== Segment start ==

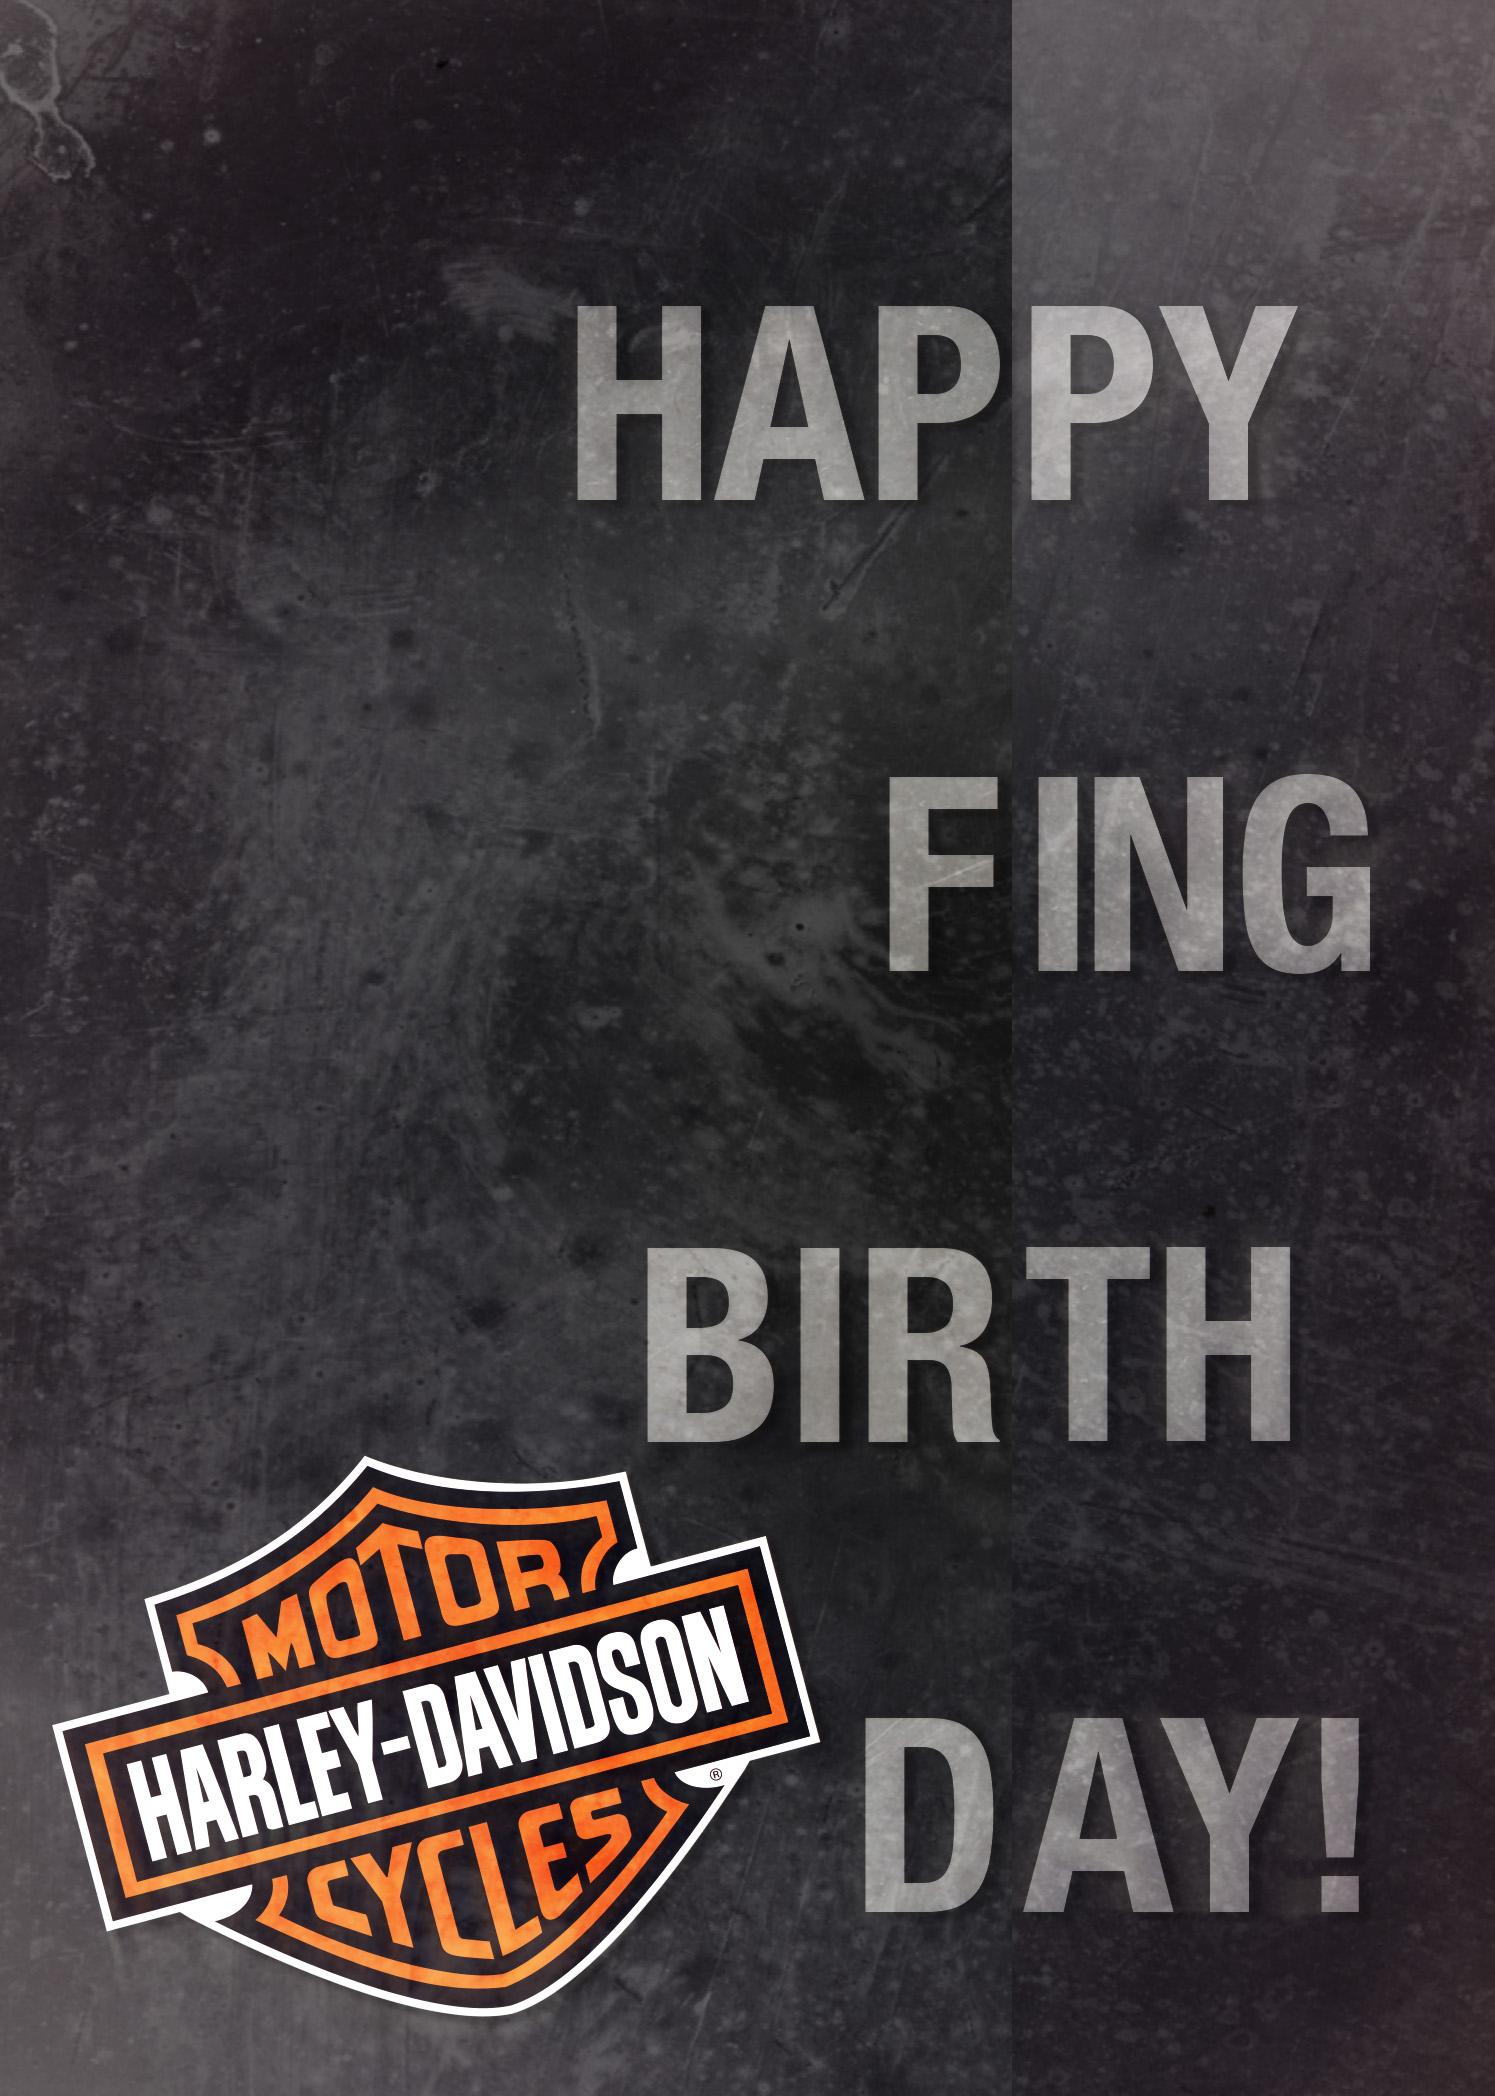 Harley Davidson Happy Fing Birthday Card – Harley Davidson Birthday Cards
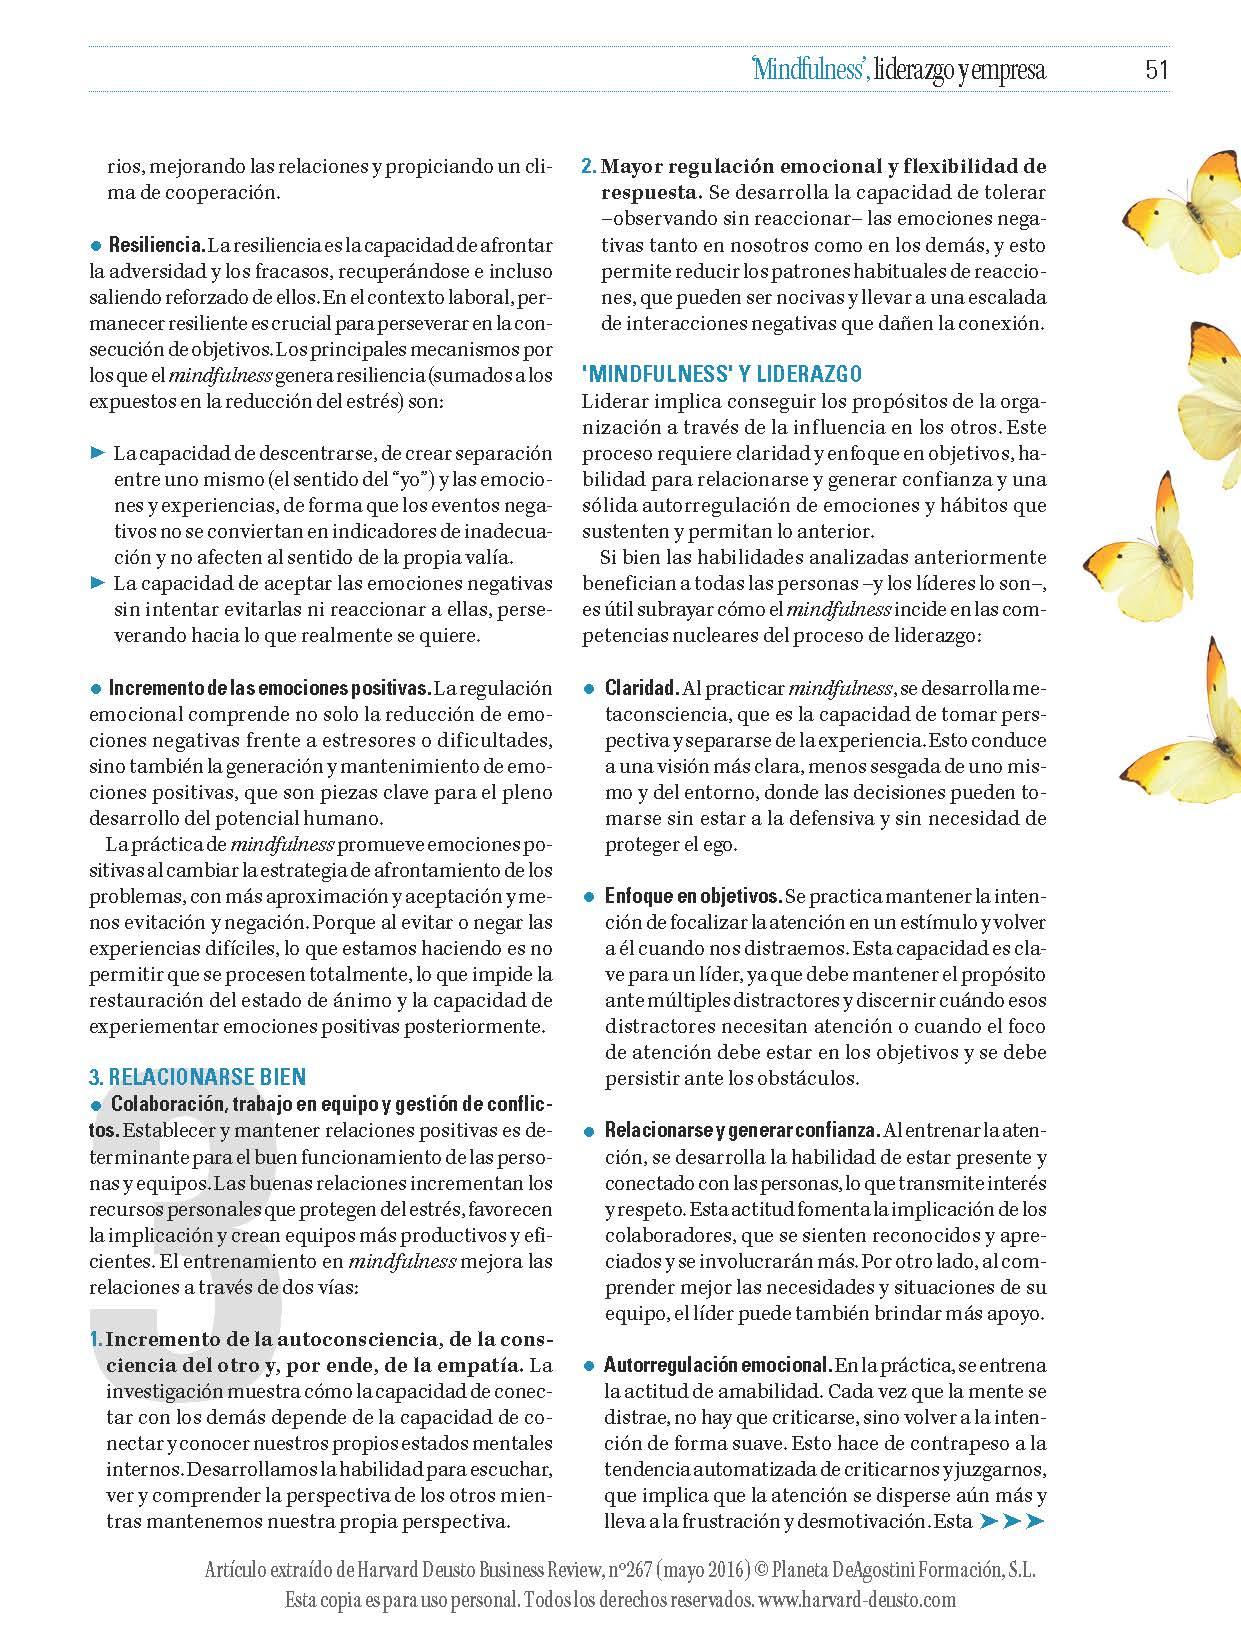 mindfulness y empresas. HBR. Estrella (2017)_Página_8.jpg
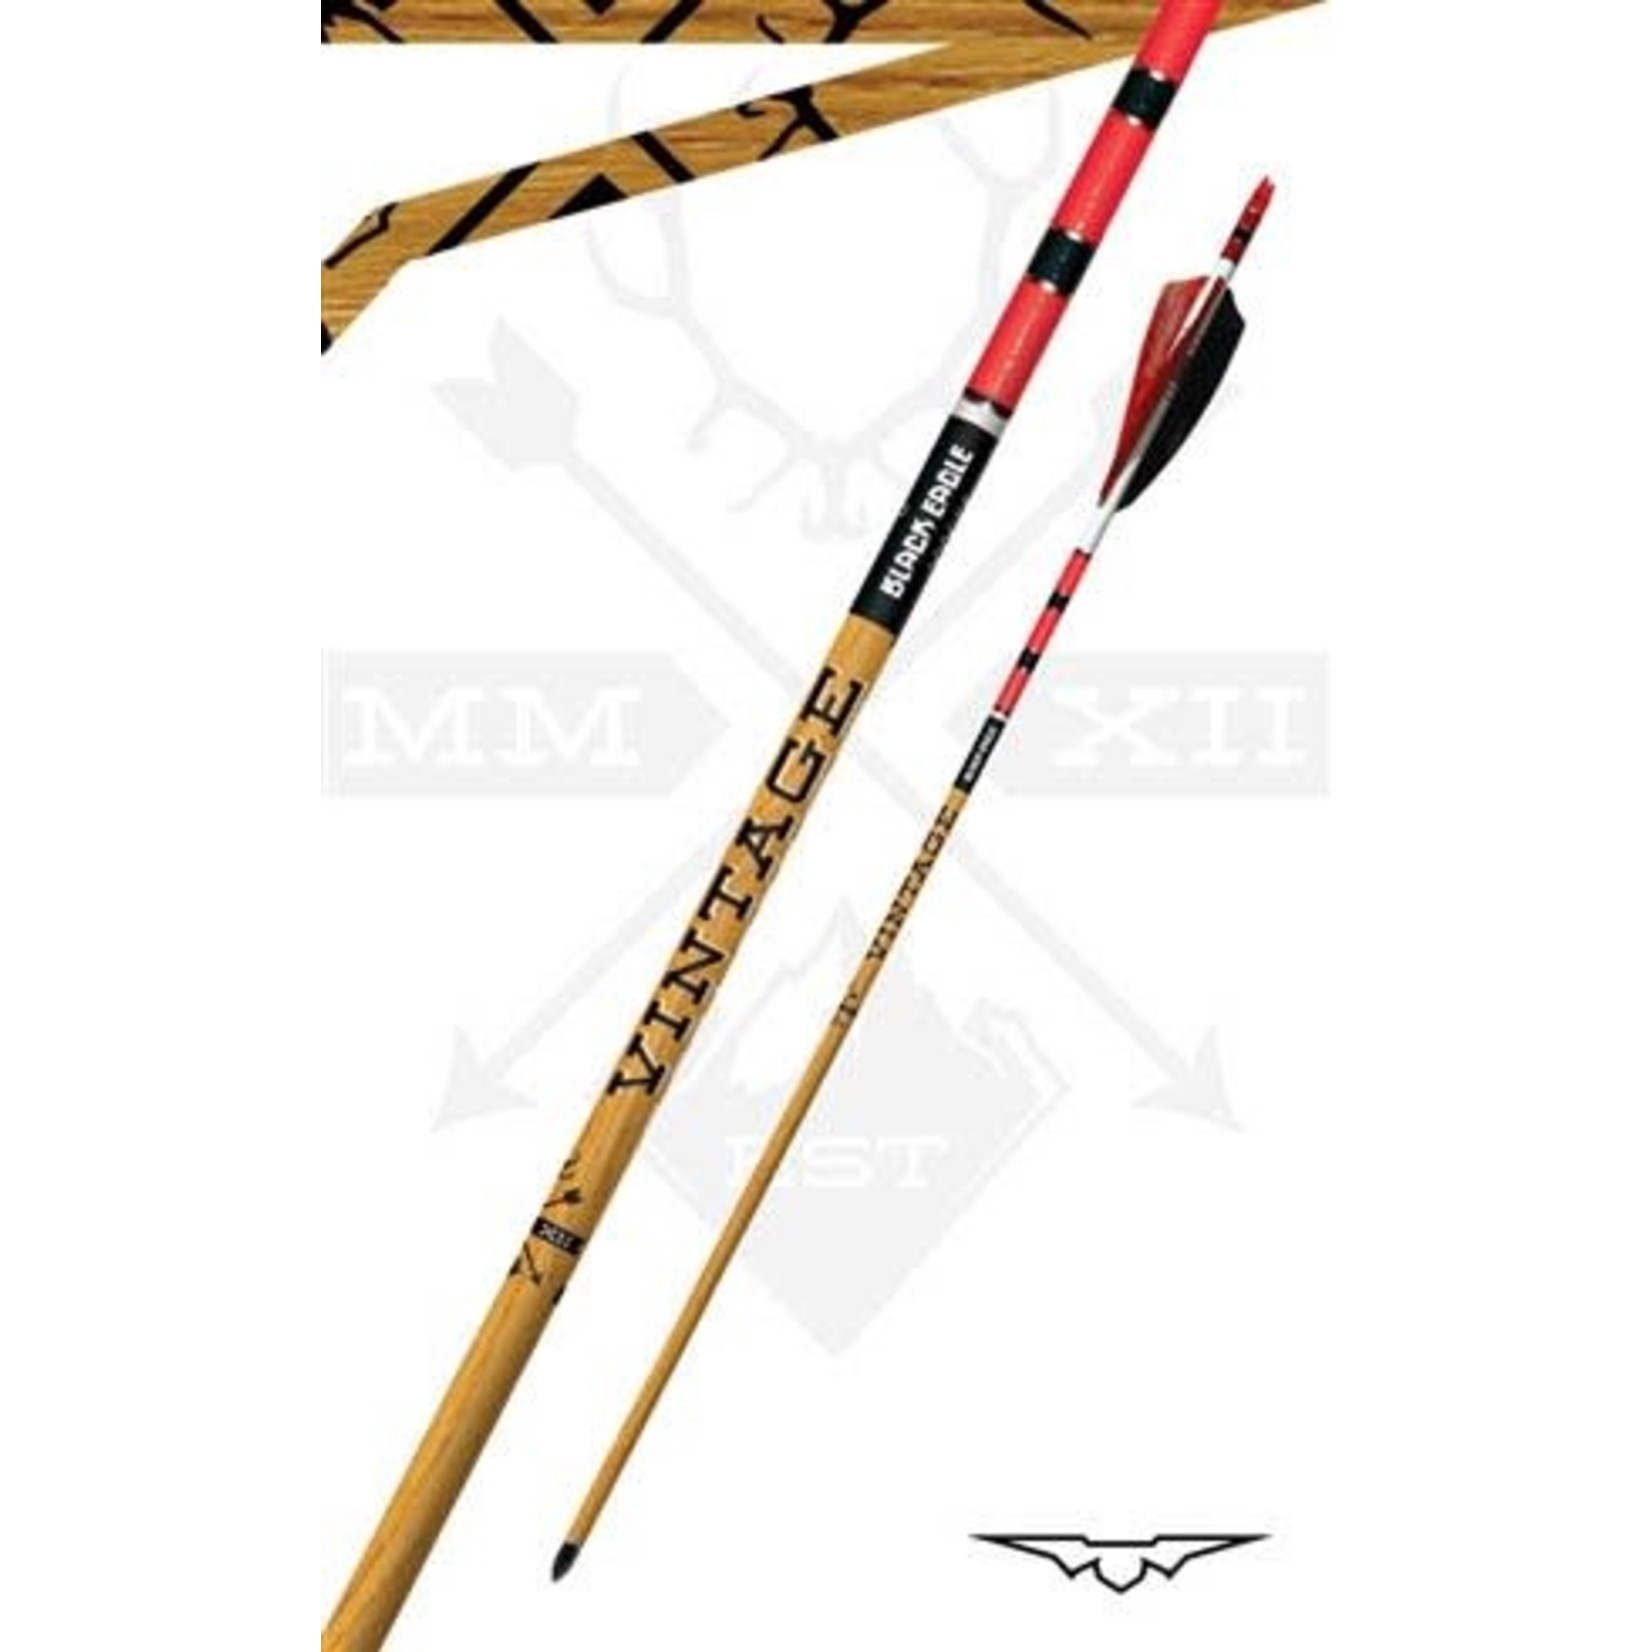 Black Eagle Black Eagle Vintage Crested Feathered Arrows  400 (6 Pk)

== Segment end ==

__EXERCISE DETAILS__
The data is to be restated word for word, with any pictures set aside.

__REPLY TO THE EXERCISE__
 Harley Davidson Happy Fing Birthday Card – Harley Davidson Birthday Cards
 mindfulness y empresas. HBR. Estrella (2017)_Página_8.jpg
 Black Eagle Black Eagle Vintage Crested Feathered Arrows  400 (6 Pk)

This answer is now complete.